Chantel Wolfenden

Personal information
- Full name: Chantel Louise Wolfenden
- Nationality: Australia
- Born: 15 January 1986 (age 40) Lithgow, New South Wales

Medal record
Swimming
Representing Australia
Paralympic Games
| Gold medal – first place | 2004 Athens | Women's 400 m Freestyle S7 |
| Silver medal – second place | 2004 Athens | Women's 100 m Freestyle S7 |
| Bronze medal – third place | 2004 Athens | Women's 100 m Backstroke S7 |
| Bronze medal – third place | 2004 Athens | Women's 200 m Individual Medley SM7 |
| Bronze medal – third place | 2004 Athens | Women's 4x100 m Freestyle 34 pts |
| Bronze medal – third place | 2004 Athens | Women's 4x100 m Medley 34 pts |
IPC Swimming World Championships
| Gold medal – first place | 2002 Mar Del Plata | Women's 400 m Freestyle S7 |
| Silver medal – second place | 2002 Mar Del Plata | Women's 4x100 m Freestyle Relay 34 pts |
| Bronze medal – third place | 2002 Mar Del Plata | Women's 100 m Freestyle S7 |
| Bronze medal – third place | 2002 Mar Del Plata | Women's 100 m Backstroke S7 |

= Chantel Wolfenden =

Australian Paralympic swimmer

Chantel Louise Wolfenden, OAM (born 15 January 1986) is an Australian Paralympic swimmer. Born in the New South Wales town of Lithgow, she started to swim at the age of five as therapy for cerebral palsy. She underwent three operations to cut and lengthen her Achilles tendon.
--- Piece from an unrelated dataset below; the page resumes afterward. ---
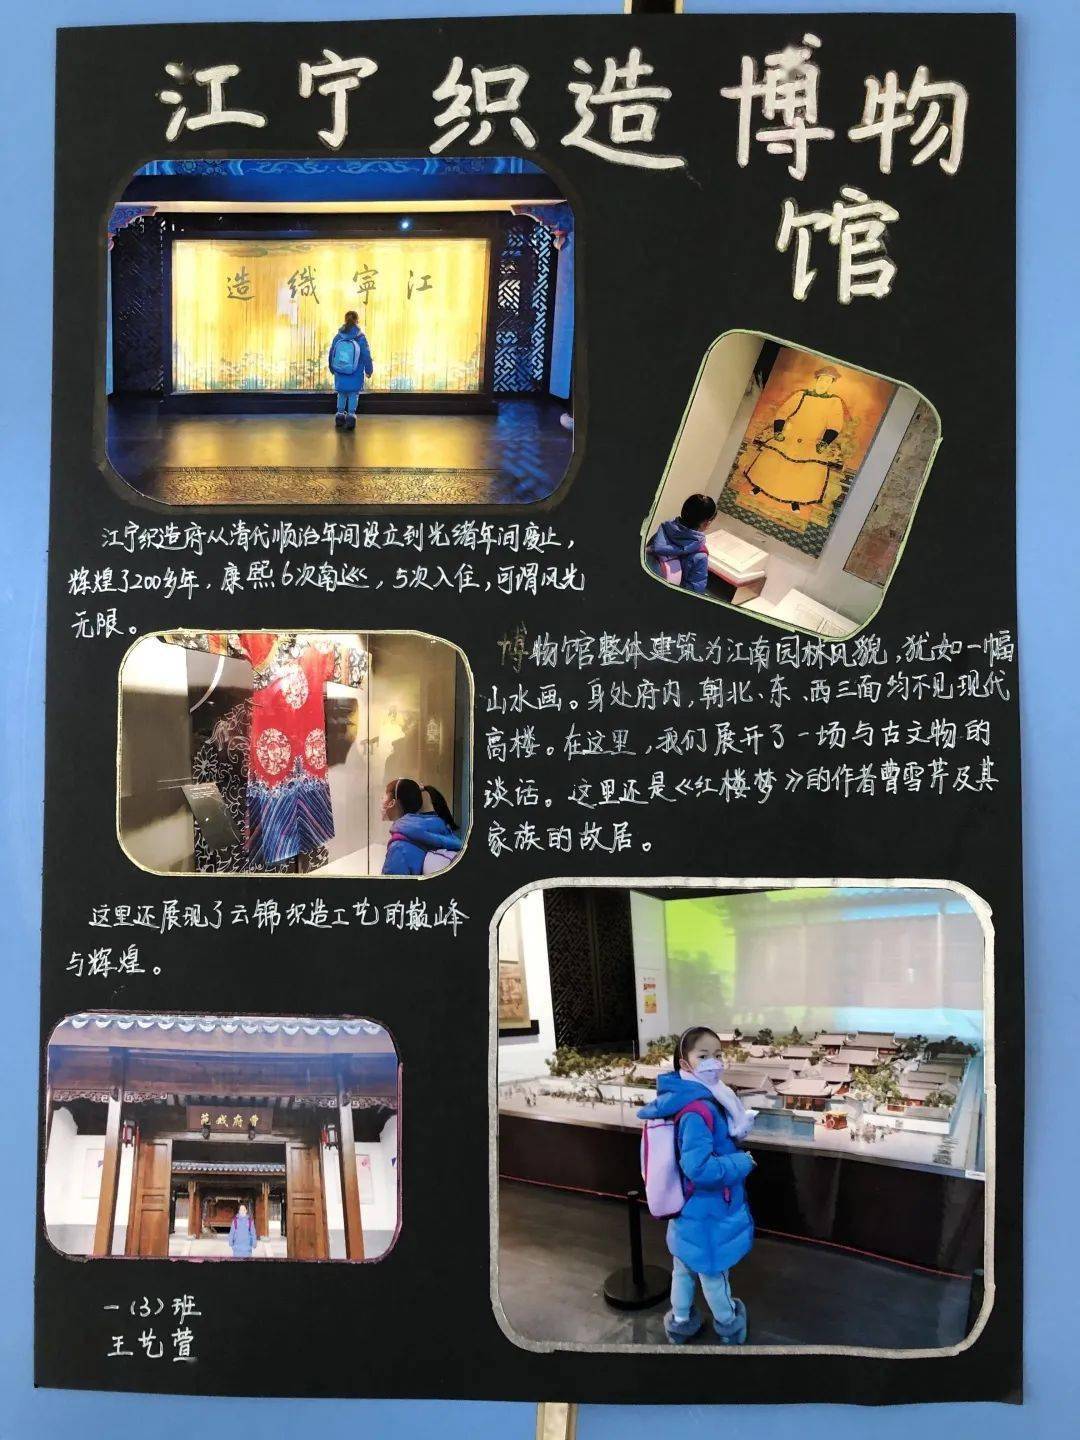 孩子们不仅读了文字书籍,还走进南京的各大博物馆,探寻古城记忆,探索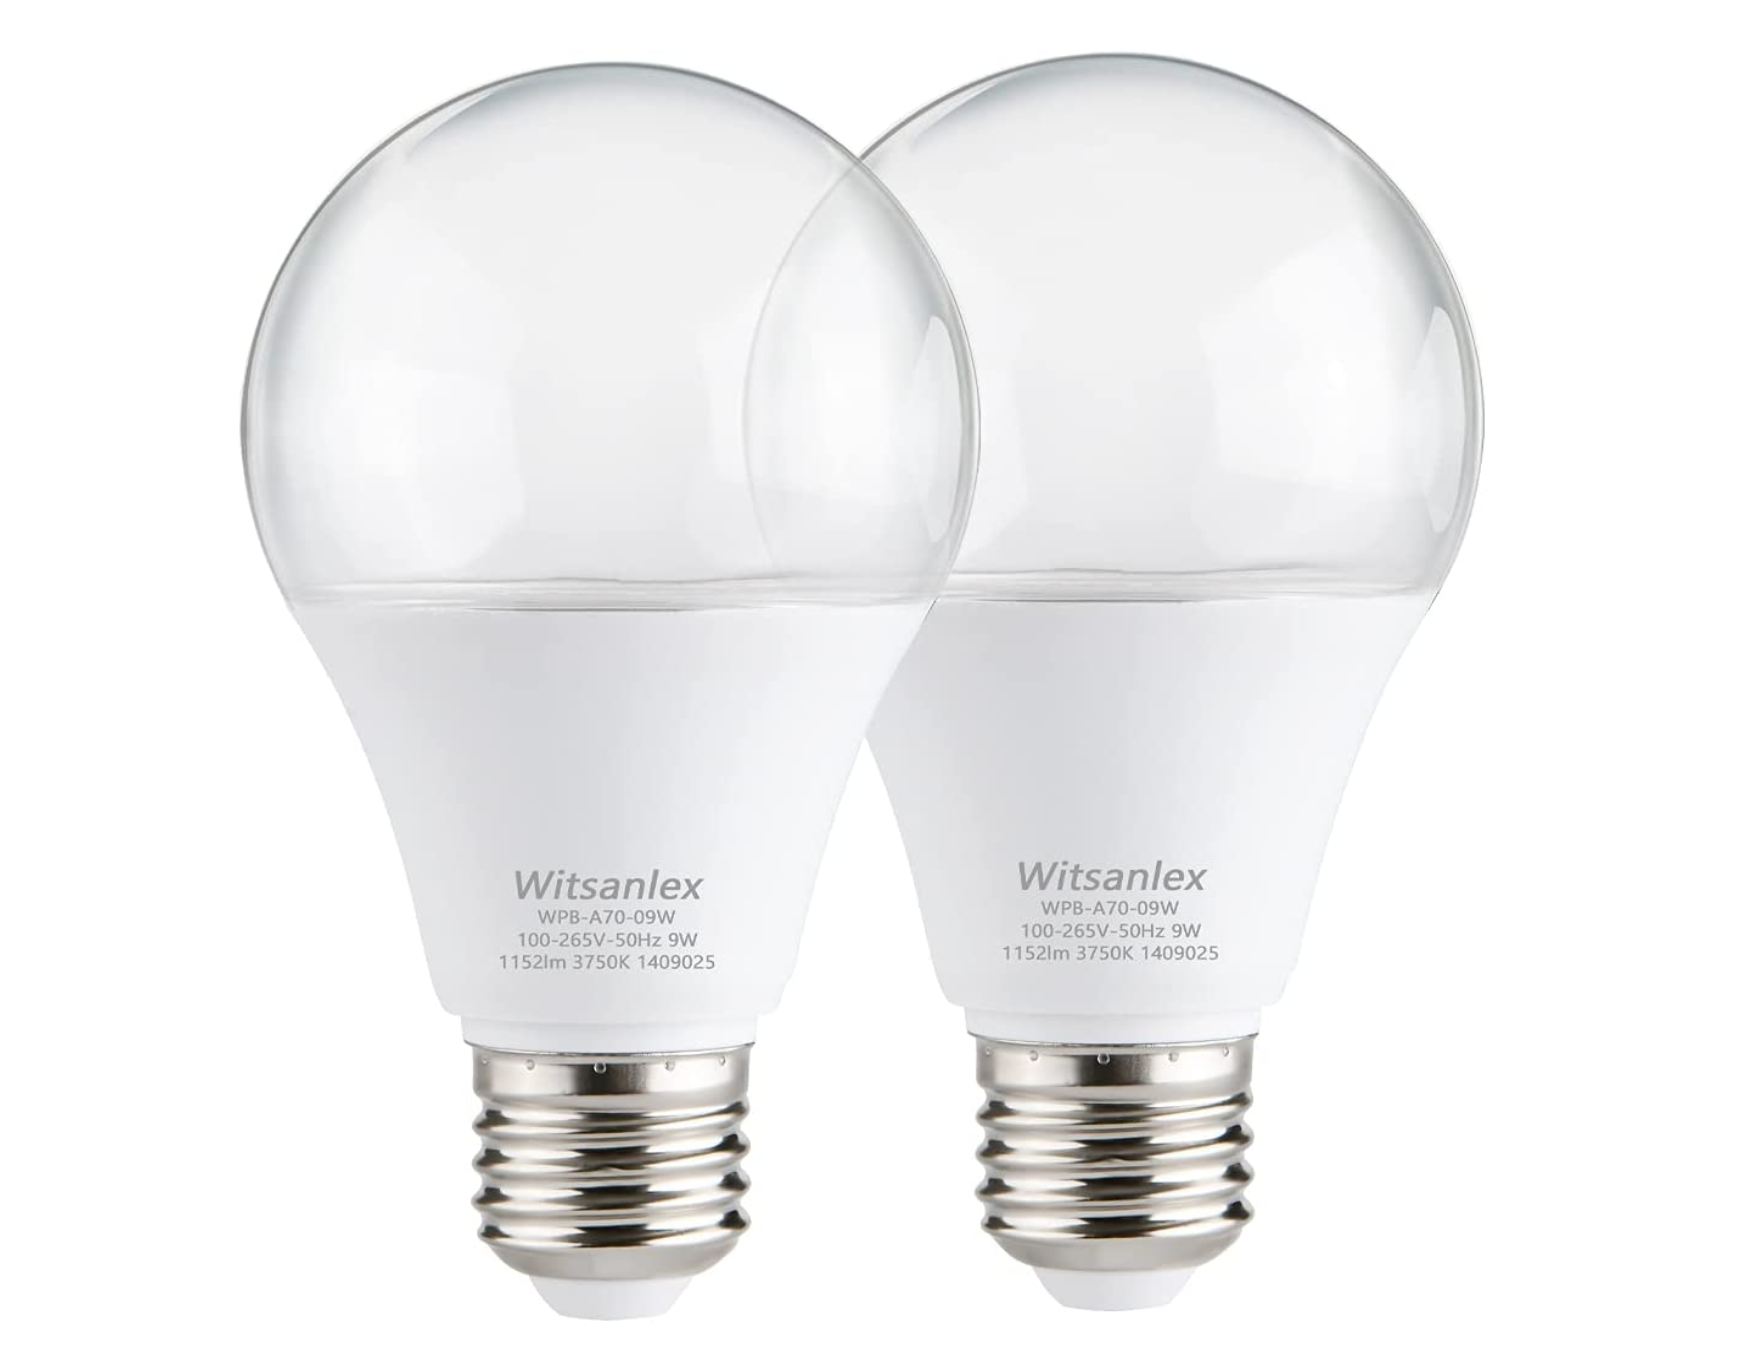 Full Spectrum Sunlike "Grow Light" Bulb for Indoor Plants (100W | 84 LEDs)

She competed at the 2002 IPC Swimming World Championships in Mar Del Plata, Argentina winning a gold medal in the women's 400m Freestyle S7 and two silver medals in the women's 100m Backstroke and women's 100m Freestyle S7 events.

At the 2004 Athens Games, she won a gold medal in the Women's 400 m Freestyle S7 event, for which she received a Medal of the Order of Australia, a silver medal in the Women's 100 m Freestyle S7 event, and four bronze medals in the Women's 100 m Backstroke S7, Women's 200 m Individual Medley SM7, Women's 4 × 100 m Freestyle 34 pts and Women's 4 × 100 m Medley 34 pts events.

She swam for the Fairmead Swim Club in Bundaberg, Queensland and was coached by Paul Simms. Between 2002 and 2006, she was an Australian Institute of Sport Paralympic swimming scholarship holder. She was also a Queensland Academy of Sport scholarship holder.